"Paul A. Rombouts" <[EMAIL PROTECTED]> writes:
> It has come to my attention that nearly half of the files in the WWWOFFLE
> cache
> are small files used for storing the URLs of the cached webpages. These files
> have names consisting of the letter U followed by a Base64-encoded md5 hash
> and
> I will refer to them as U* files.
>
> Having many small files is quite inefficient. For example, on my system each
> U*
> file occupies 4K of disk space. With 78587 U* files that is 307MB of occupied
> disk space. However, the total size of these files is little more than 5MB.
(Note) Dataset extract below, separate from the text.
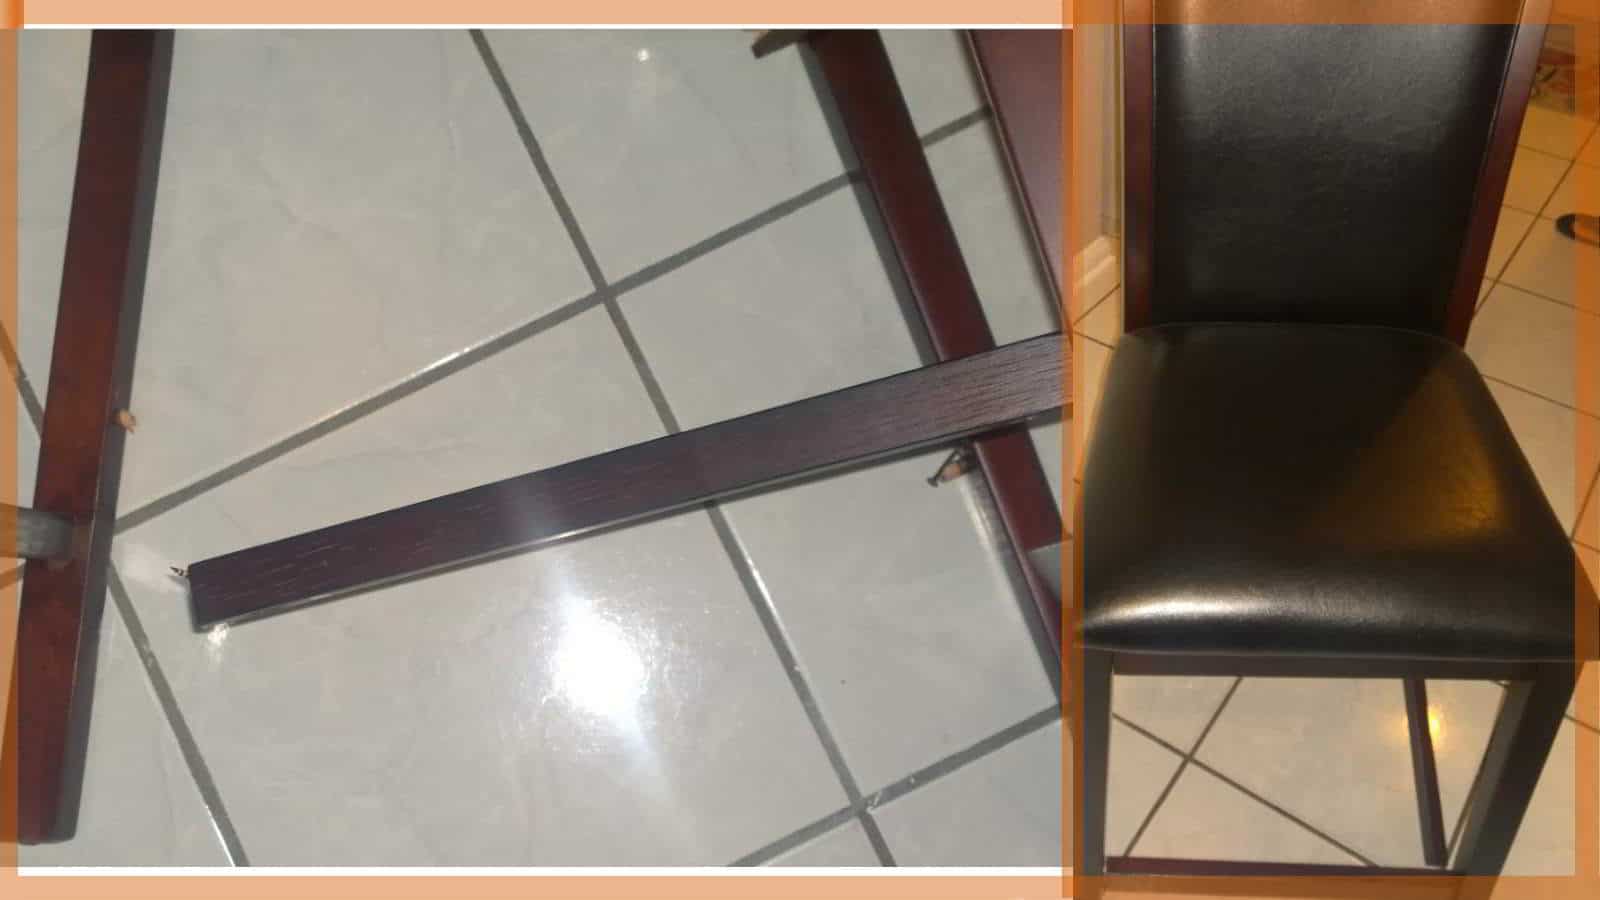 Dining Room Chair Repair ⋆ MasterTech Furniture Repair

> In the past few weeks I have been experimenting with a design where the URLs
> of
> the cached webpages are stored in a single compact database file called
> "urlhashtable". This file is mmapped to an area of address space that is
> shared
> between all WWWOFFLE processes.
I try and keep WWWOFFLE simple, which is a good and often recommended
way of writing software. It is a method that tends to produce robust
software.
I like the ability to be able to keep all of the files relating to one
host together in one directory. I can delete any or all of the files
(it is best if I delete the matching U* file for each D* I delete) for
a host and the program keeps on working. I can copy the host
directory (or files from a host directory) between machines without
needing to worry about WWWOFFLE failing to work. I don't even need to
tell WWWOFFLE that I have done this, it will work it out for itself.
There is no one special file that contains all of the magic to enable
the program to work. Even better there is no single file that will
cause the program to fail if it gets lost or corrupted.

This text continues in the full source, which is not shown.